Introduction Cardiovascular disease (CVD) is a major cause of death in chronic obstructive pulmonary disease (COPD). Numerous studies describe clinical evidence of endothelial dysfunction in COPD but the molecular pathways which link COPD and CVD remain unclear. Endothelial colony forming cells (ECFC) could serve as a research tool to investigate endothelial defects in COPD patients.
Aim and Objectives To examine whether ECFC from COPD patients exhibit dysfunctional characteristics, illustrating the underlying molecular process of endothelial dysfunction in COPD.
Methods ECFC were isolated from peripheral blood samples received from 16 healthy non-smoking volunteers (age±SEM, 57±2.7 yr), 10 healthy smokers (57±2.6 yr) and 16 COPD patients (67±1.6 yr). The mononuclear fraction was placed in culture in the presence of endothelial growth factors. ECFC appeared between day 7 and 24, as characteristic cobblestone monolayers. The cells were grown to confluence in T-25 or T-75 flasks and used at passages 4 to 6 for all experiments.

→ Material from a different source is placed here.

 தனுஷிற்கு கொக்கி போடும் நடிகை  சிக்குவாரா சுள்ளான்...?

Endothelial senescence was measured by senescence-associated β-galactosidase (SA-β-Gal) activity and sirtuin (SIRT) 1 protein levels by Western blotting.

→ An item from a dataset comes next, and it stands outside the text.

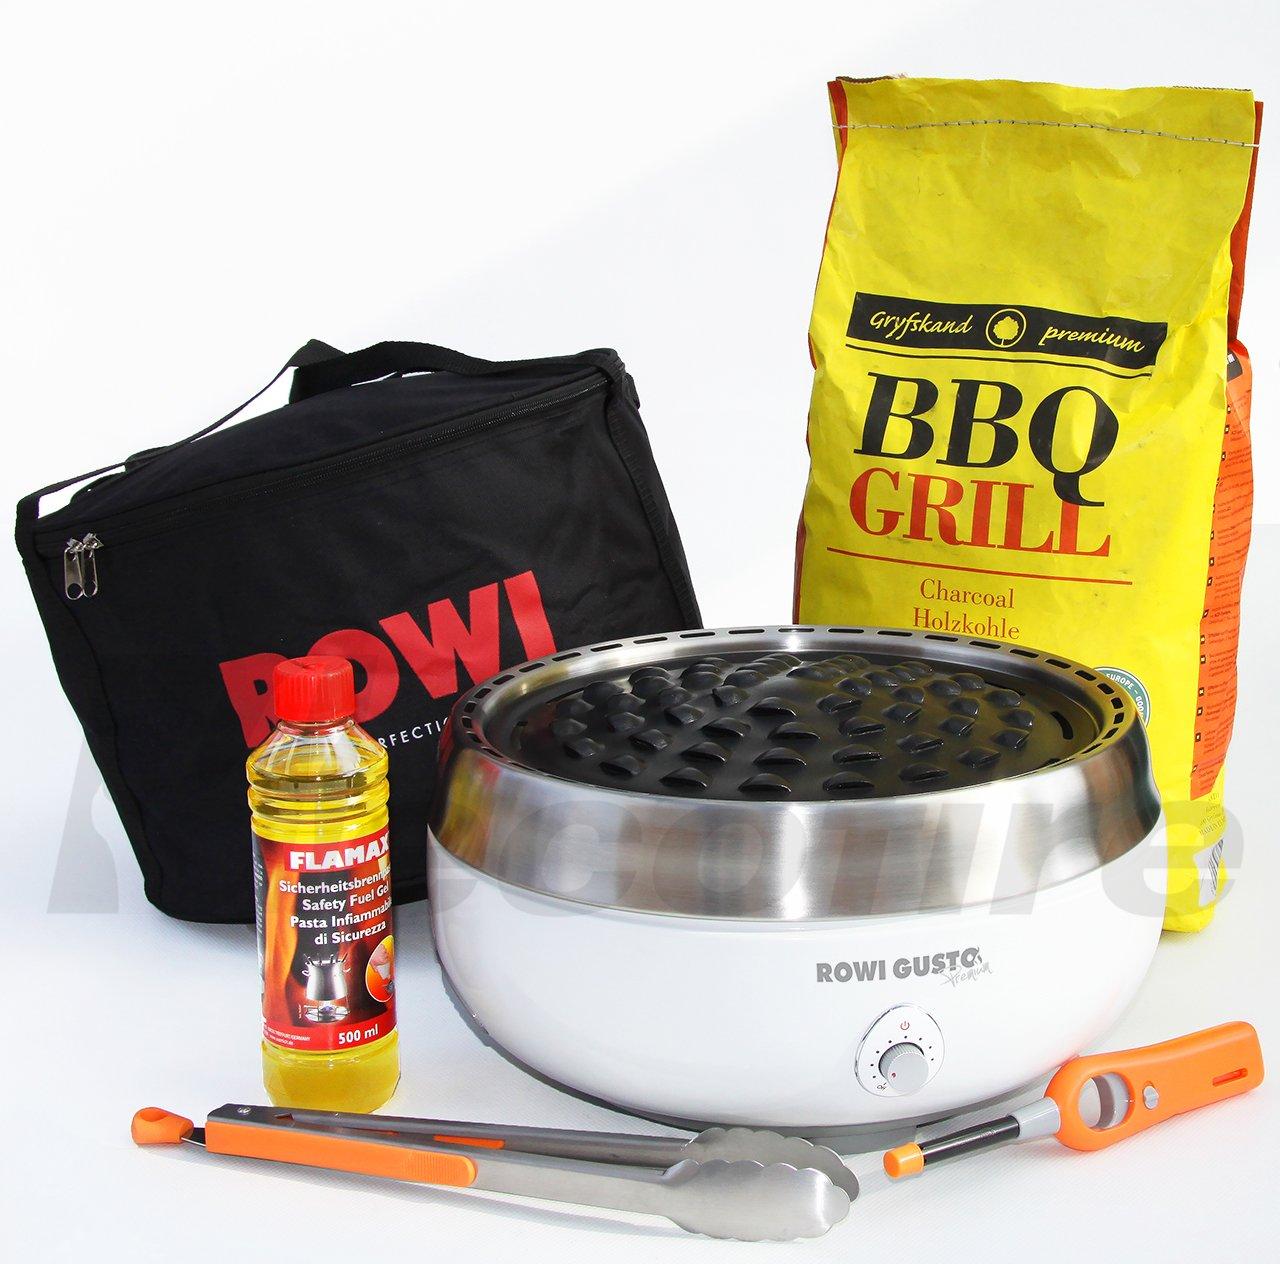 Holzkohle Tischgrill ROWI GUSTO Premium – Grillerette – Weiss, im Super Pack mit viel Grillzubehör und Buchen-Holzkohle günstig bestellen

Results ECFC from healthy smokers and COPD patients displayed significantly increased senescence and reduced SIRT1 protein levels compared to healthy non-smoking subjects. SIRT1 protein levels negatively correlated with endothelial senescence.
Conclusions The results from our study demonstrate that ECFC from smokers and COPD patients display epigenetic molecular dysfunctions linked to increased senescence. These defects may contribute to endothelial dysfunction and cardiovascular events.